# WORK REQUEST
Find the line with "Carta Da Parati Floreale" in the data below. Repeat it and every line after it up to the end, exactly, but drop the pictures.

# DATA EXCERPT
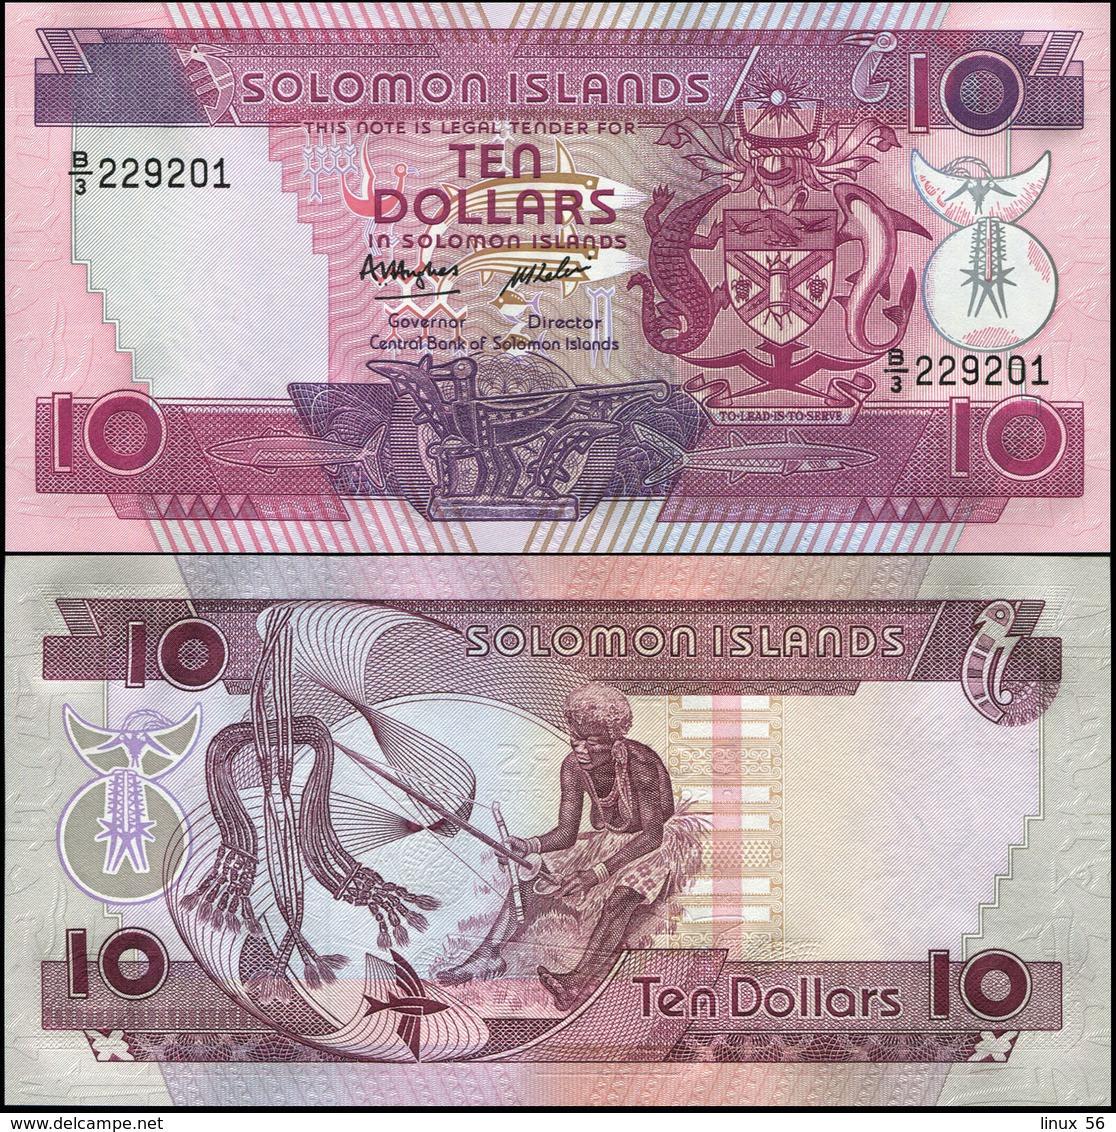 SOLOMON ISLANDS - 10 Dollars Nd.(1986) UNC P.15 - Isola Salomon
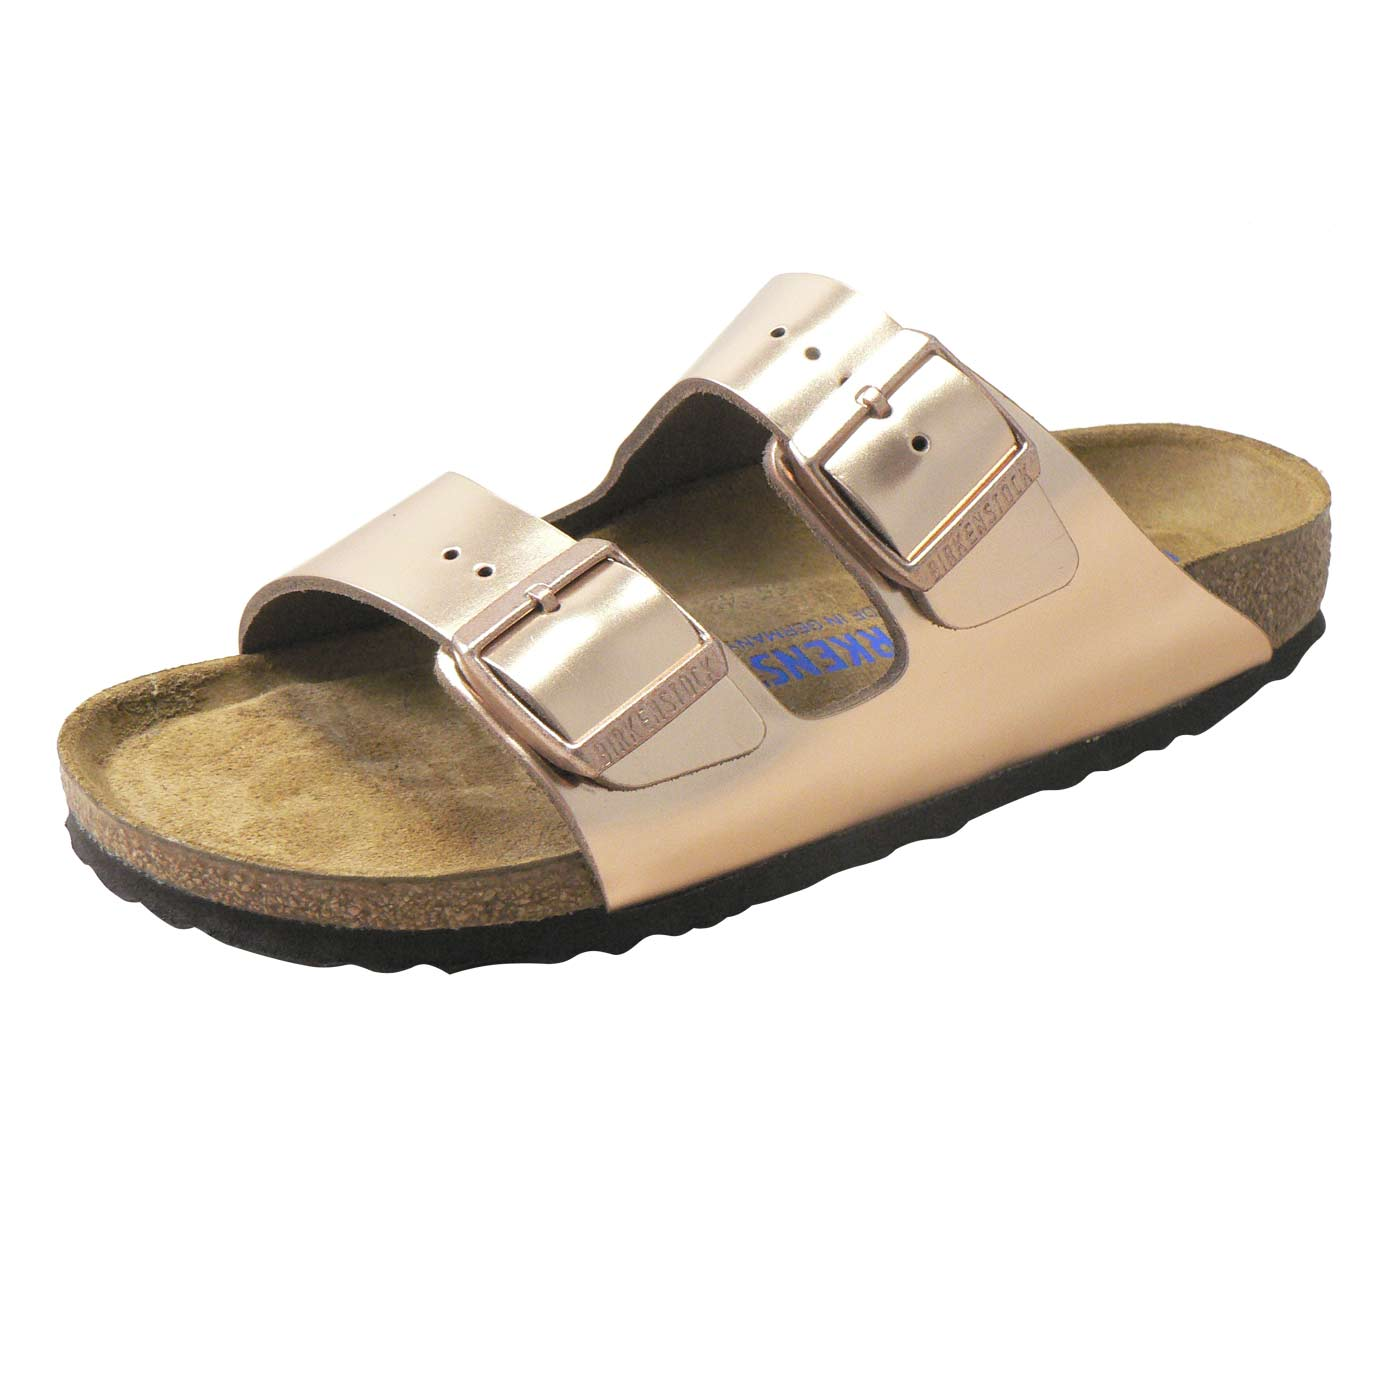 34f883061bc6 Arizona (Natural Leather   Soft Footbed) (NARROW FIT) - Metallic ...
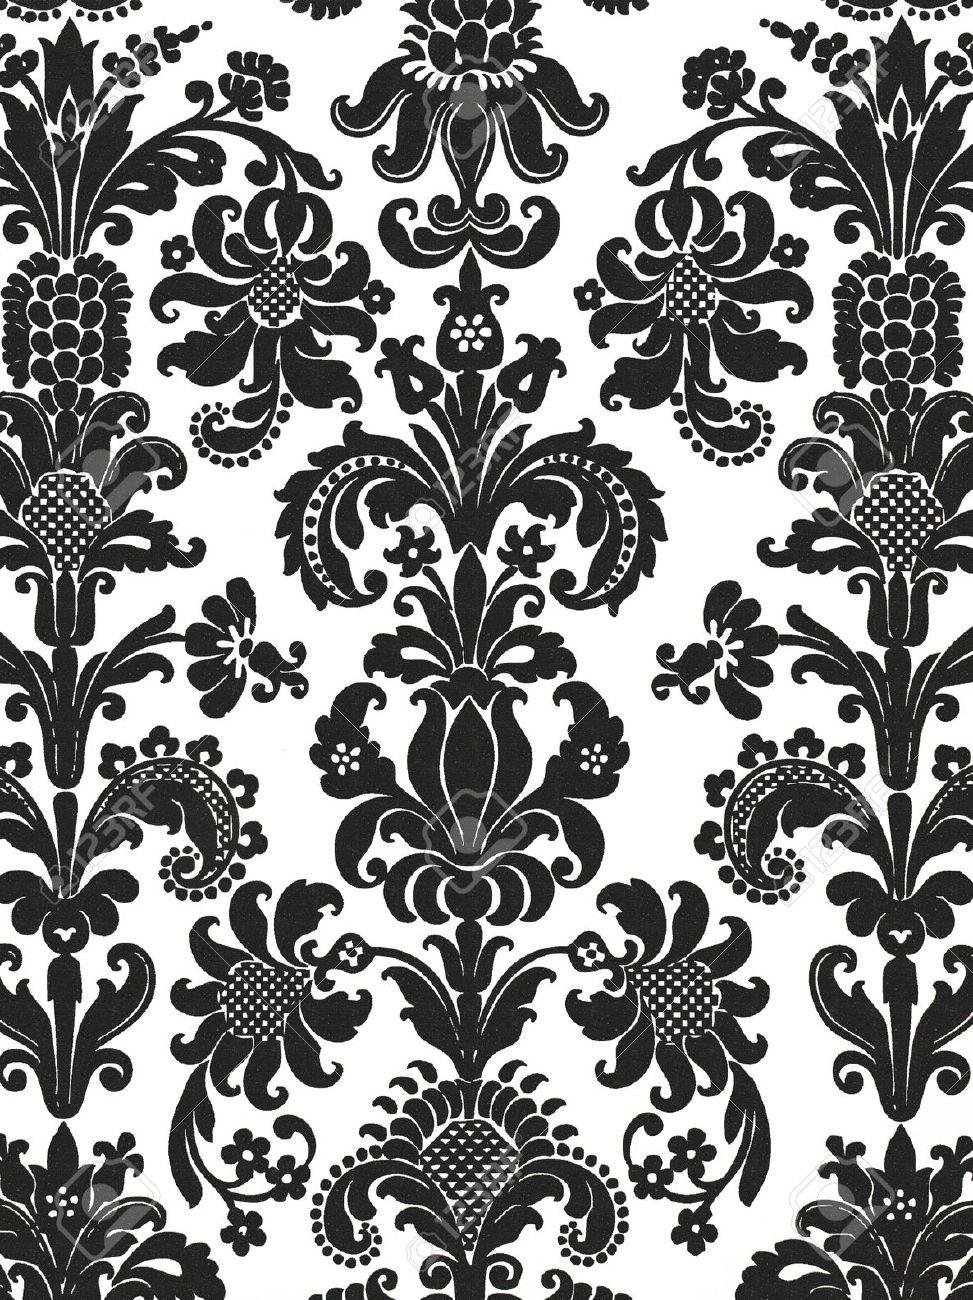 Carta Da Parati Floreale Bianco E Nero.Immagini Stock Carta Da Parati In Bianco E Nero Senza Soluzione
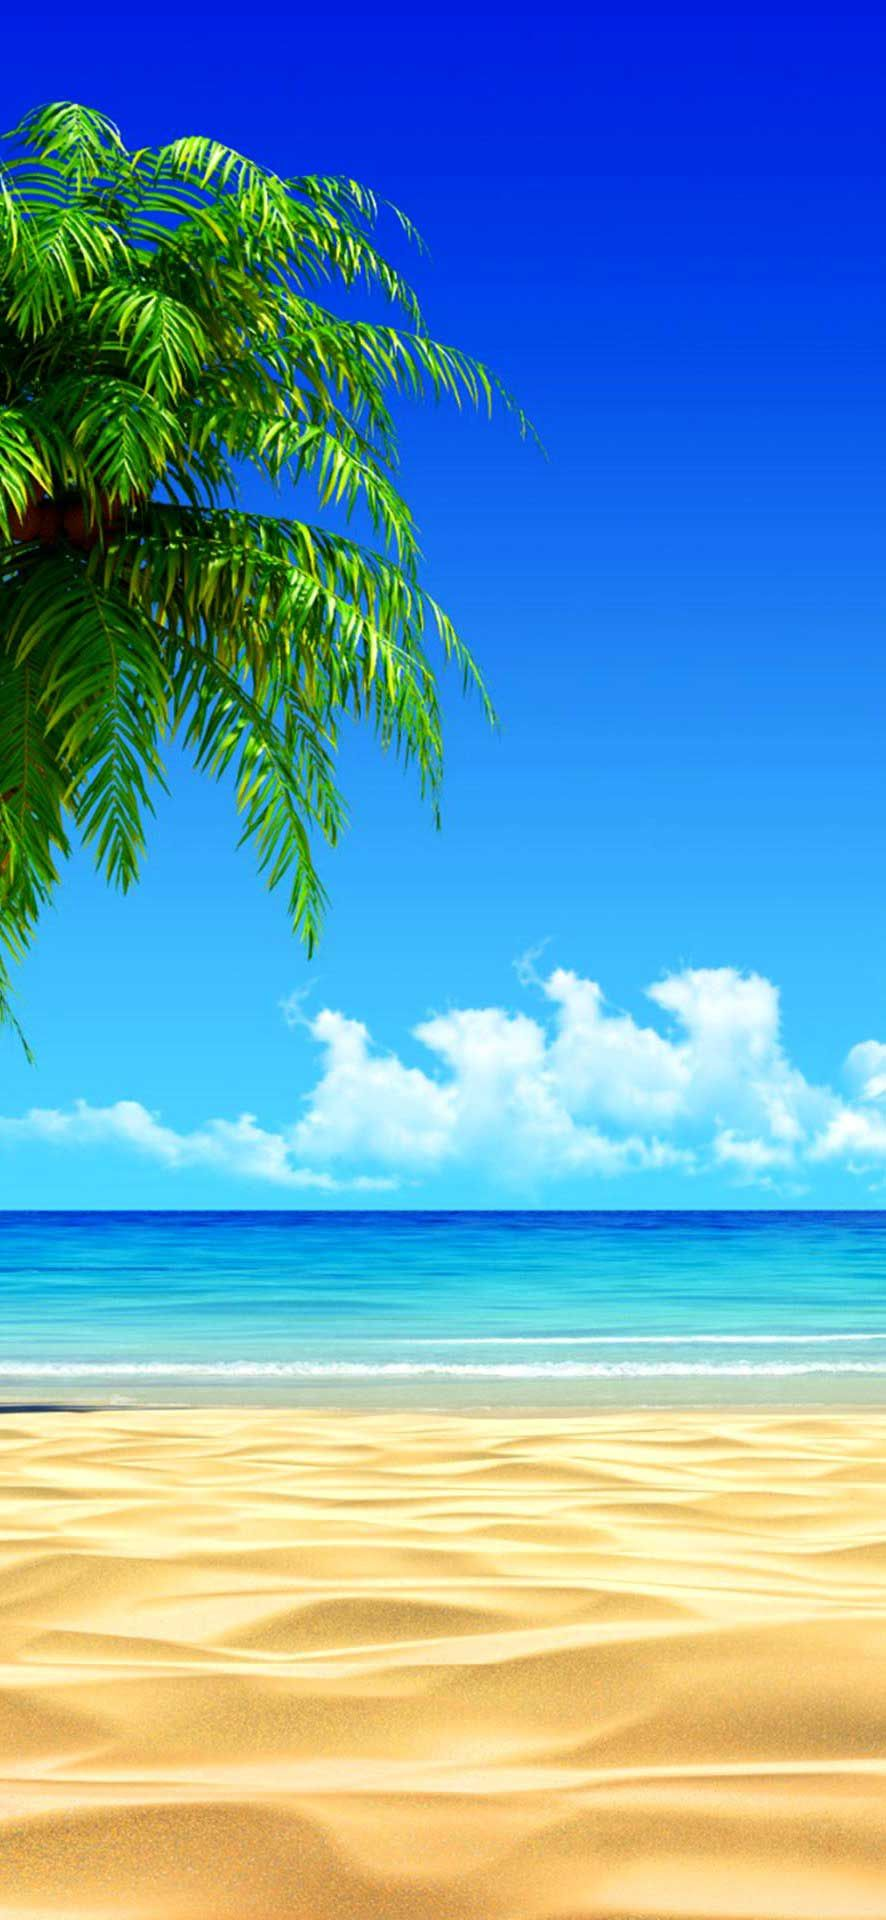 Iphone X Wallpaper Beach House On Tropical Island Hd Wallpaper Beach Hd In 2020 Summer Beach Wallpaper Summer Wallpaper Beach Wallpaper

# TASK RESULT
 Carta Da Parati Floreale Bianco E Nero.Immagini Stock Carta Da Parati In Bianco E Nero Senza Soluzione
 Iphone X Wallpaper Beach House On Tropical Island Hd Wallpaper Beach Hd In 2020 Summer Beach Wallpaper Summer Wallpaper Beach Wallpaper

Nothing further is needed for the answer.